I was thinking how to best implement
union
and came to realization, that many of the operations can be translated down a small set of operators in relational algebra.
Very elegant! I hadn't thought about it like this before, but I think you're absolutely right. This would be a really nice interface, and can still be translated to SQL.
I'm definitely up for this
I'm also considering changing representation of JOIN (and maybe its SQL translation):
join a [a.id==b.id] b ~ join a b | filter a.id==b.id -> SELECT ... FROM a, b WHERE a.id = b.id
I'm familiar with this approach — I think it was standard in Oracle DBs a while ago (or at least I've seen folks from that world use it)
My understanding is that it's much less common now, since DBs are worse at optimizing it (though this deserves a fact-check, it doesn't seem too difficult to optimize...), and it hides some of the query's intent — first join, then filter — rather than starting with a full cross-product and then filtering.
So iff my assumptions are correct, I would vote to keep JOIN
. OTOH, if we can show that there aren't performance impacts and it simplies the compiler, then +1 from me.

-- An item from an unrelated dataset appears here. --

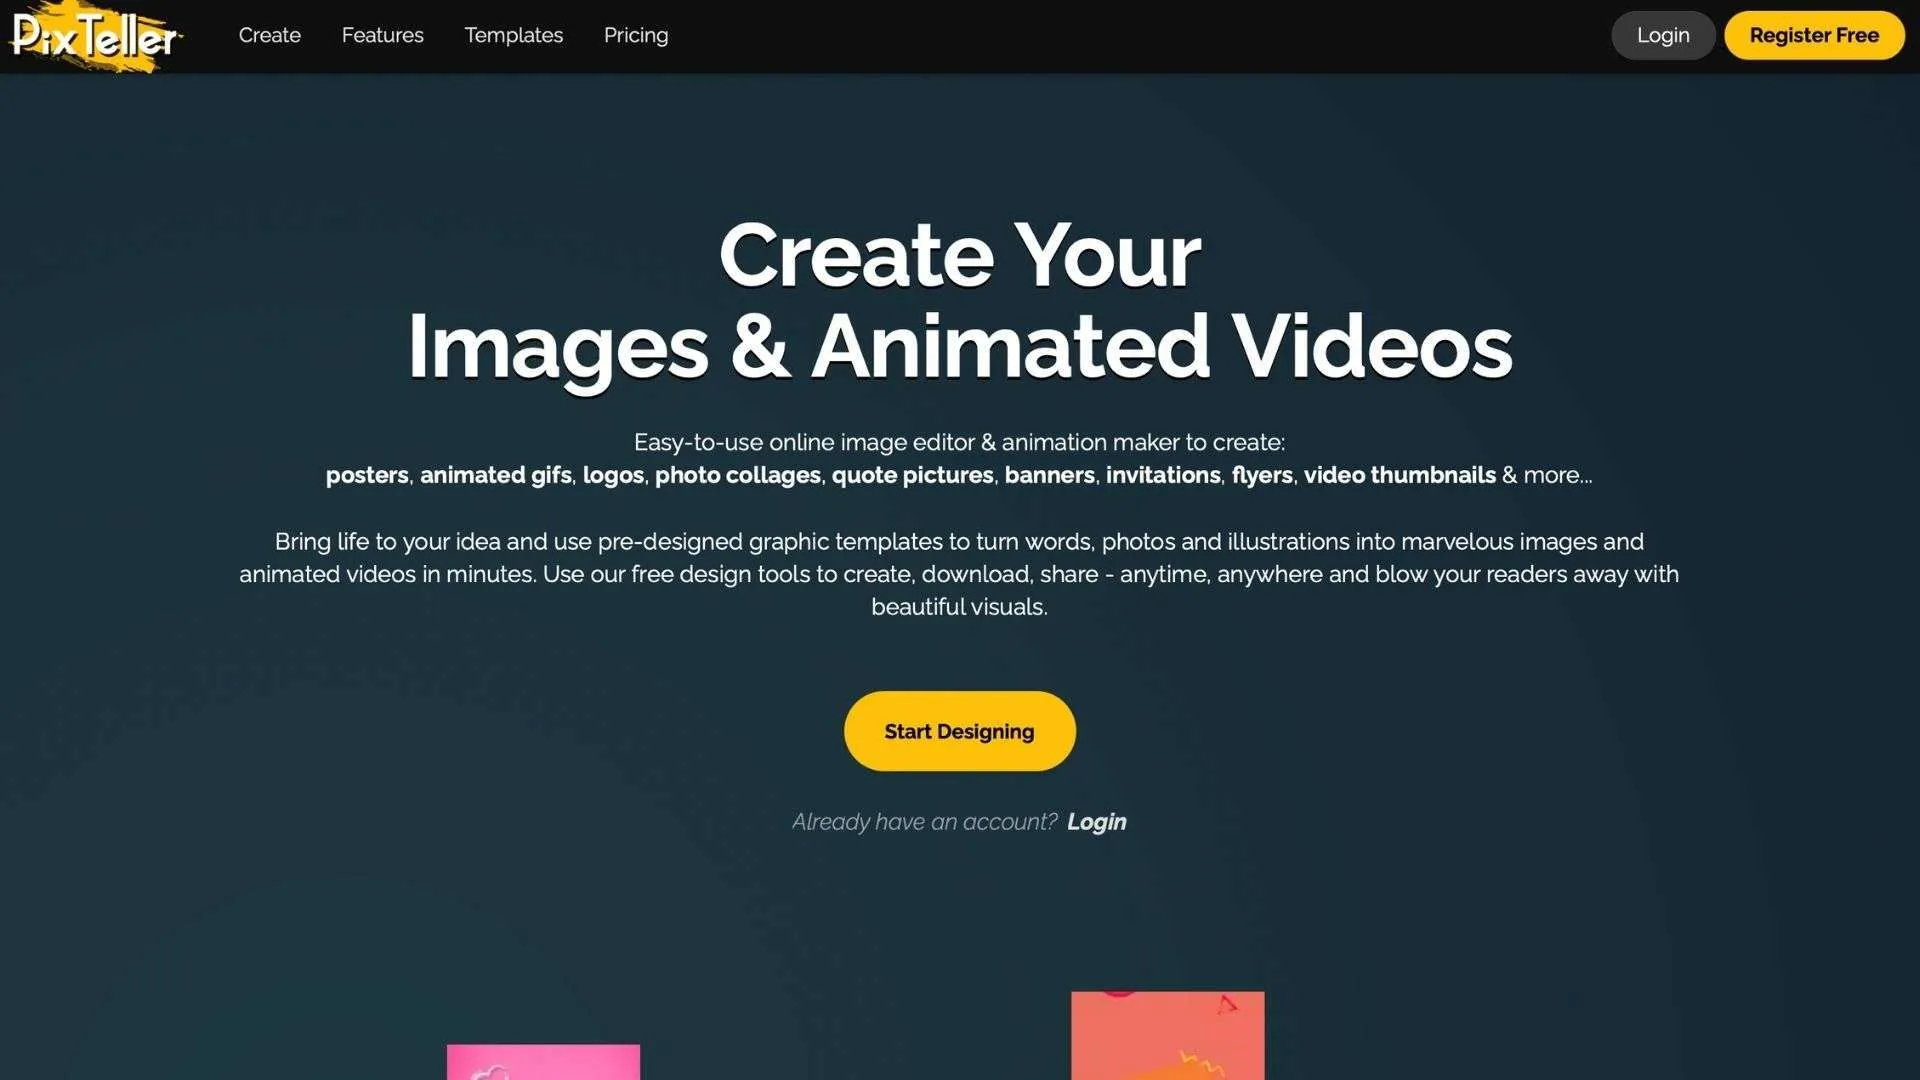 Tools for Animated Videos Pixteller
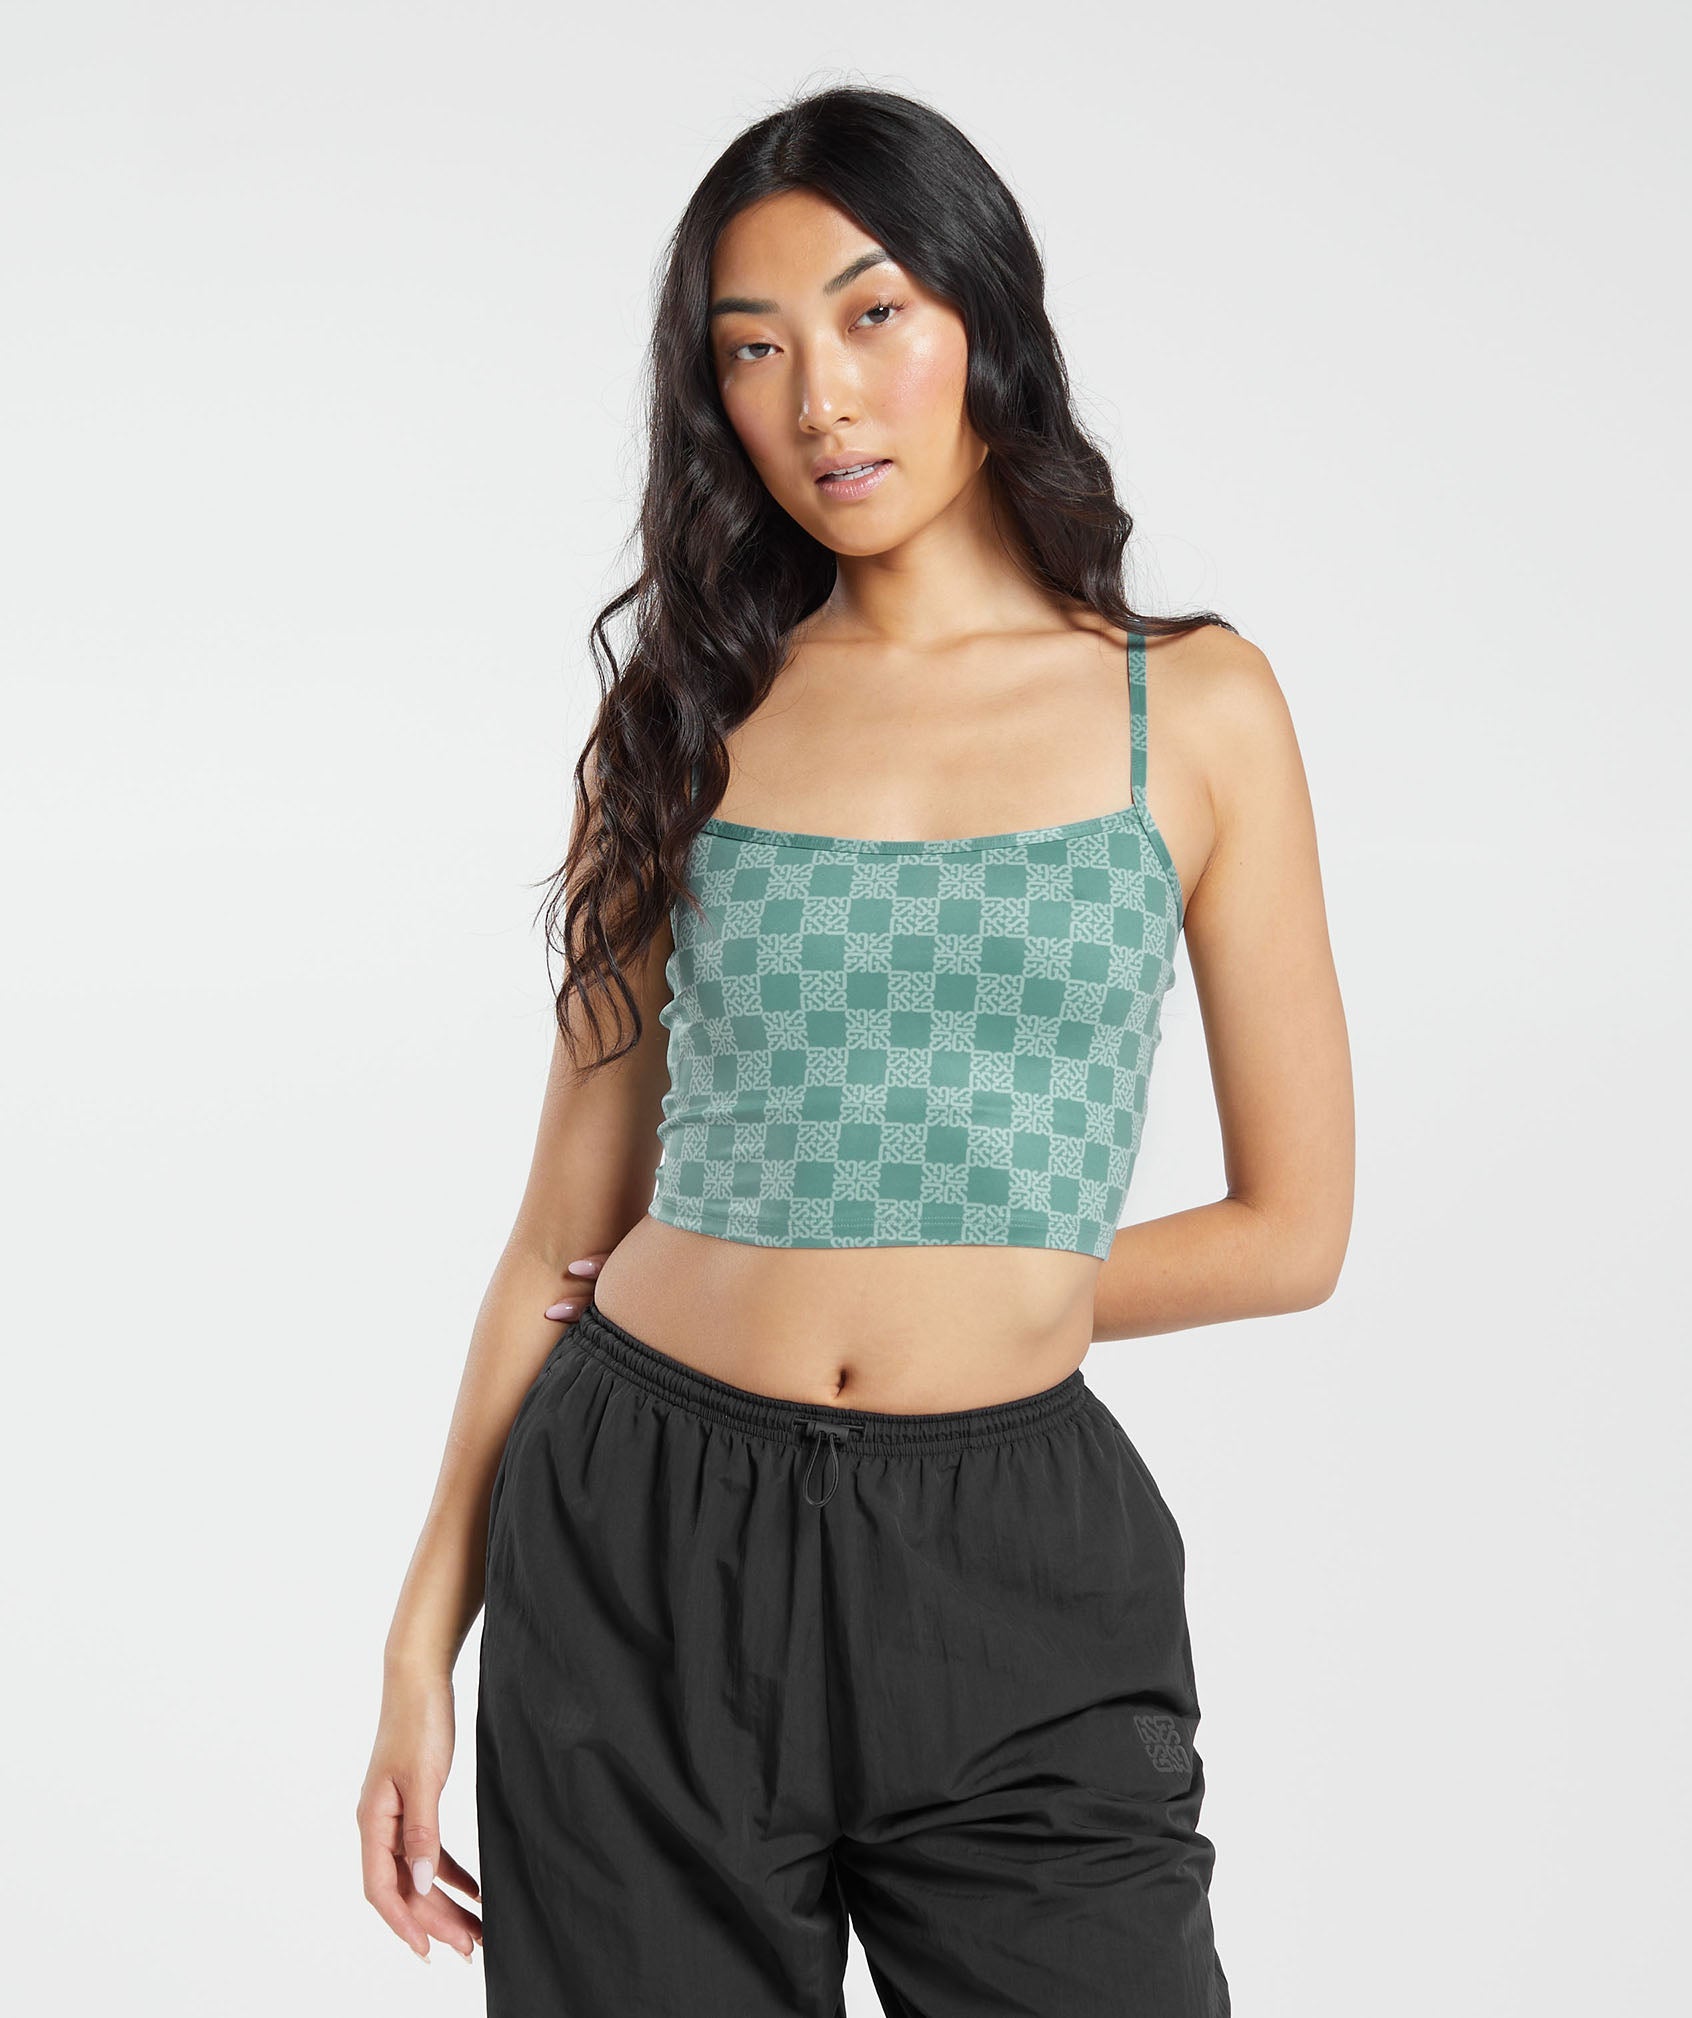 Monogram Crop Cami Tank in Frost Teal - view 1

I'm a big fan of the anti-join, I think it's a pity that that SQL makes it syntactically asymmetric with the other kinds of join (especially since NOT IN is so different when NULLs get involved). It very nicely complements the idea of a regular join, which is often a filter on correlated tuple existence, anti-joins are very neatly the inverse.
I really wish I could write "ANTI JOIN" in SQL and use it like any of the other joins. A number of executor people also use the anti-join nomenclature, I can't think of anyone who thinks of it as purely a way of using correlated subqueries, and indeed detecting the anti-join is a popular optimization target.
I think we can probably close this now #894 is closed
(not withstanding the discussion re joins & @fdr 's comment, no intention to cut that short)
No, keep it open. Intesection, difference are not done yet.
I like you approach @aljazerzen . It's very cool that you can detect the patterns in the RQ, regardless of how they were generated, and then produce the SQL from that. I would love to understand how you do that. In which file/module/part of the compilation process do you do that?
One possible problem I see with your proposed SQL implementations though is that where you have [identity]
in the snippets below, in practice this identity
will be *
(i.e. all columns) so how do you generate the required ON
and WHERE
clauses? Even if you had access to the table definition and all column names, how efficient would that be?
Therefore for the SQL translation phase it might still be easier to use EXCEPT / INTERSECT
or NOT EXISTS / EXISTS
. A related blog post Rise of the anti-join.
difference a b = = join a [identity] b side:left | filter b.identity == null | select a. -> SELECT a. FROM a LEFT JOIN b ON ... WHERE b.id IS NULL
intersection a b = join a [identity] b side:inner | select a. -> SELECT a. FROM a INNER JOIN b ON ...
In which file/module/part of the compilation process do you do that?
A bit all over the place, this is the central one.
One possible problem I see
That's a valid concern. I'm not sure yet how i'll do that.
how efficient would that be
Plan is to compare all columns with each other in ON clause. This would work if all columns are known and is the simplest solution rn. I think modern optimizers will kick-in and replace comparison of all columns with comparison of only ids, so it shouldn't be any slower than other approaches.
But for unknown columns this won't work. For that, I'll probably resort to EXCEPT / INTERSECT
, as that are supposedly more performant according to the linked post.
A few questions:
union
intersection
and difference
ok?intersection
and difference
also apply distinct
? In SQL INTERSECT does and I may be ok with that. These are set operations afterall.I was going to raise a question about the names as well.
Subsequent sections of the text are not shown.